Security strength in bits of elliptic curve encryption is ½ of the key size.

Examples:

  • If elliptic curve encryption uses the P-384 curve (which needs a 384-bit key), then the security strength is 384/2 = 192 bits.

  • If elliptic curve encryption uses the P-224 curve (which needs a 224-bit key), then the security strength is 224/2 = 112 bits.

TLS connections have a preferred order of Cipher suite/Elliptic Curve Cryptography (ECC) that is determined by the TLS server when the connection is TLS Server based. TLS client based connections have no order of preference. The two TLS server based communication phases described below—Encrypting Browser Connections and Encrypting Endpoint Discovery.

The following links describes the communication phases used when establishing a PCoIP session, and lists it's supported cipher suite and supported ECC curve.

Encrypting Browser Connections

PCoIP Remote Workstation Cards allow a browser to connect to the Administrative Web Interface (AWI) over a secure connection. This connection is a TLS server controlled connection and thus the order of the listed ECC Curves is important.

Secure Cipher Suites:

  • TLS_ECDHE_RSA_WITH_AES_128_GCM_SHA256

  • TLS_ECDHE_RSA_WITH_AES_256_GCM_SHA384

  • TLS_ECDHE_RSA_WITH_AES_128_CBC_SHA256

  • TLS_ECDHE_RSA_WITH_AES_256_CBC_SHA384

Supported Elliptic Curve:

  • NIST P-256

  • NIST P-384

  • NIST P-521

  • NIST P-224

Recommended Web Browsers

Recommended web browsers are Firefox, Chrome, Internet Explorer 11, and Edge.

Minimum SSL Version

These secure connections require Transport Layer Security (TLS) 1.2 compliant browsers.
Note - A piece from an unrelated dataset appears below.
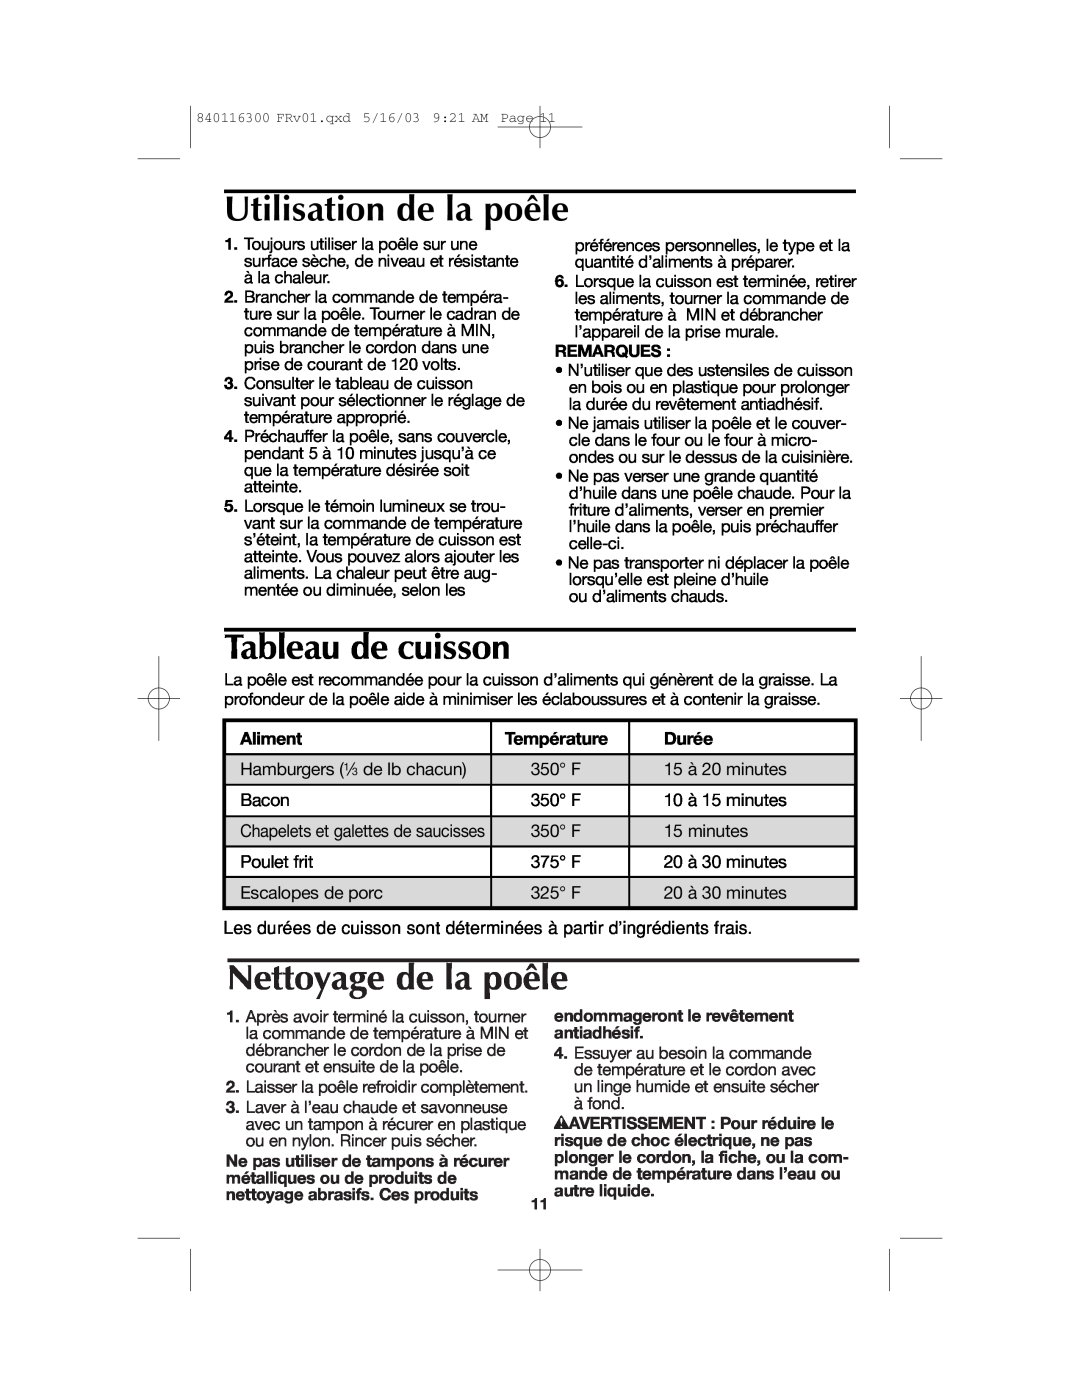 Proctor-Silex 840116300 Utilisation de la poêle, Tableau de cuisson, Nettoyage de la poêle, Remarques, Aliment, Durée

Encrypting Endpoint Discovery

PCoIP Remote Workstation Cards that are not managed by an endpoint manager, such as the PCoIP Management Console, listen for incoming discovery requests.

When an endpoint discovery request from an endpoint manager is received by the PCoIP Remote Workstation Card, communications between the endpoint manager and the PCoIP Remote Workstation Card are established securely using one of the supported cipher suites and ECC curves.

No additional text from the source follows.